Nasce il progetto Axía

Comunicati StampaMilano,apr 21, 2009

Promosso da CRUI (Conferenza dei Rettori delle università Italiane) e da Nestlé, il progetto promuove un innovativo approccio alla ricerca universitaria, basato sul concetto di sistema e sulla volontà di restituire nuovo sapere alla collettività.

Da sempre, dall’Accademia Platonica ai più moderni Campus, il ruolo delle Università si identifica nella produzione e nella diffusione dei saperi con l’obiettivo di contribuire allo sviluppo sociale, economico e civile. Oggi però, rispetto al passato, al sistema accademico si chiede sempre più spesso un supporto concreto nel produrre innovazione, nel trasformare il sapere in opere, nel concretizzare le conoscenze per generare sviluppo in sinergia col mondo del lavoro.

Nasce sulla base di queste premesse il progetto Axía, promosso da CRUI (Conferenza dei Rettori delle Università Italiane) e dal Gruppo Nestlé in Italia che dà avvio ad una collaborazione del tutto innovativa tra attività di ricerca scientifica e mondo produttivo in chiave di responsabilità sociale.
Il nome dato al progetto non è casuale: Axía è il termine che in greco classico identifica il 'valore'.

Il progetto mira infatti a diffondere valore e sapere alla collettività fornendo una fotografia aggiornata e dettagliata delle nuove frontiere della ricerca in tre specifici ambiti: alimentazione, sviluppo sostenibile, multiculturalità. Un vero e proprio censimento iniziato un anno fa con uno studio di fattibilità voluto da Nestlé e CRUI, condotto dall’Università IULM di Milano e dalla Federico II di Napoli e presentato oggi alla stampa, con l’intento di restituire alla comunità un patrimonio di dati preziosi, da cui istituzioni e business community possano attingere per sostenere future iniziative di ricerca nei campi analizzati. Per la prima volta in Italia un’azienda supera i tradizionali canali di finanziamento alla ricerca per creare un legame fra il mondo dell’impresa e il sistema accademico. Con un investimento già allocato di oltre un milione di euro, Nestlé, infatti, non solo permette operatività a quattro progetti, fra quelli raccolti, coerenti con le priorità strategiche del Gruppo in area scientifica e di valore condiviso ma, attraverso una pubblicazione, divulga ad ampio raggio i risultati di questo corposo lavoro di mappatura rendendoli pubblici e accessibili a tutti.

“Conosciamo bene il valore delle ricerca come leva strategica per la competitività sui mercati: Nestlé investe ogni anno in Ricerca e Sviluppo più di ogni azienda alimentare al mondo. Con il progetto Axía, però, siamo convinti di aprire una nuova strada per il supporto alla ricerca universitaria del Paese.
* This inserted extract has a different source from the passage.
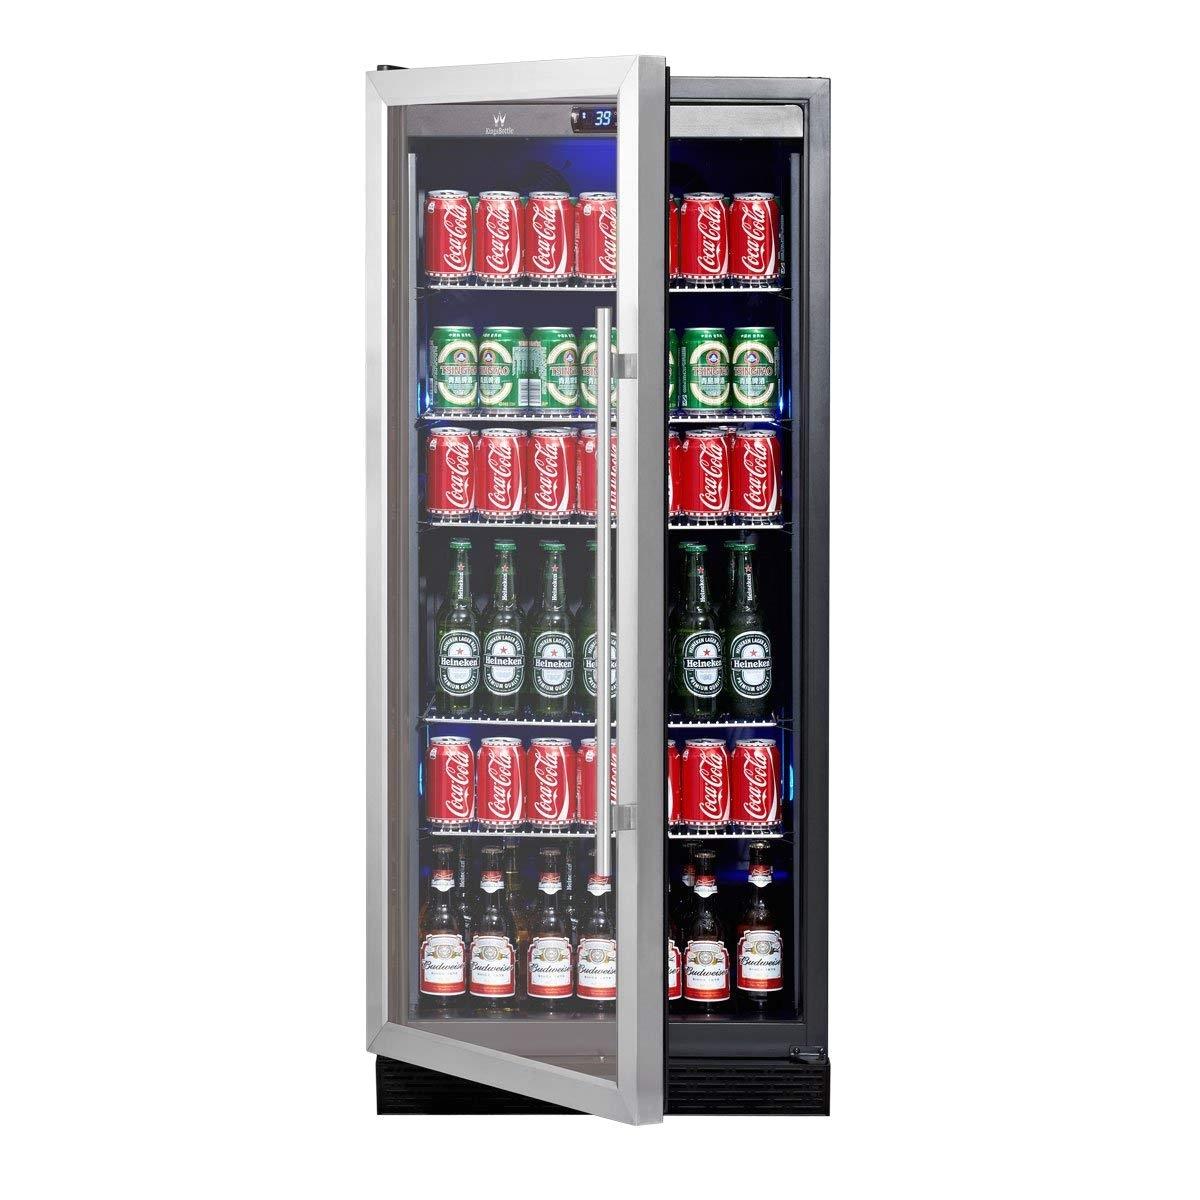 Beer Glass Rack for Freezer Amazon Com Beverage Cooler Beer Cooler Upright Stainless Steel

Cambia l’ottica di riferimento: a beneficiare dei risultati di una ricerca non sono più solo le aziende o gli enti sostenitori, ma l’intero sistema.” sottolinea Manuel Andrés, Capo Mercato del Gruppo Nestlé Italia. “In questo modo Nestlé avvia un percorso che mi auguro possa, in prossimo futuro, essere seguito anche da altre aziende desiderose di investire nella ricerca universitaria con l’intento di creare valore per l’uomo e per l’ambiente in cui esso vive.”

Nei mesi scorsi il mondo accademico è stato chiamato all'appello per presentare progetti di ricerca riconducibili ad una delle tre aree evidenziate. Il riscontro è stato estremamente positivo, basti pensare che sono stati ben 31 gli Atenei italiani che hanno risposto alla chiamata (call for ideas) e circa 500 i docenti coinvolti. Complessivamente sono pervenuti 117 progetti di ricerca (71 di essi rientrano nell'ambito alimentazione, 23 in quello dello sviluppo sostenibile, 23 in quello della multiculturalità).

“D’altro canto, il fenomeno della fuga dei cervelli, in più occasioni additato fra i fattori maggiormente responsabili della perdita di competitività del nostro Paese, “derubato” delle sue menti più brillanti da parte di partner internazionali in grado di offrire a studenti e ricercatori condizioni di lavoro e carriere più allettanti, può essere letto con una prospettiva ribaltata. Il semplice fatto che laureati e scienziati italiani “in cerca di autore” vengano così rapidamente assorbiti all’estero rappresenta una prova tangibile del valore intrinseco dei nostri percorsi di formazione e di avviamento alla ricerca.” dichiara il professor Enrico Decleva, Presidente della CRUI.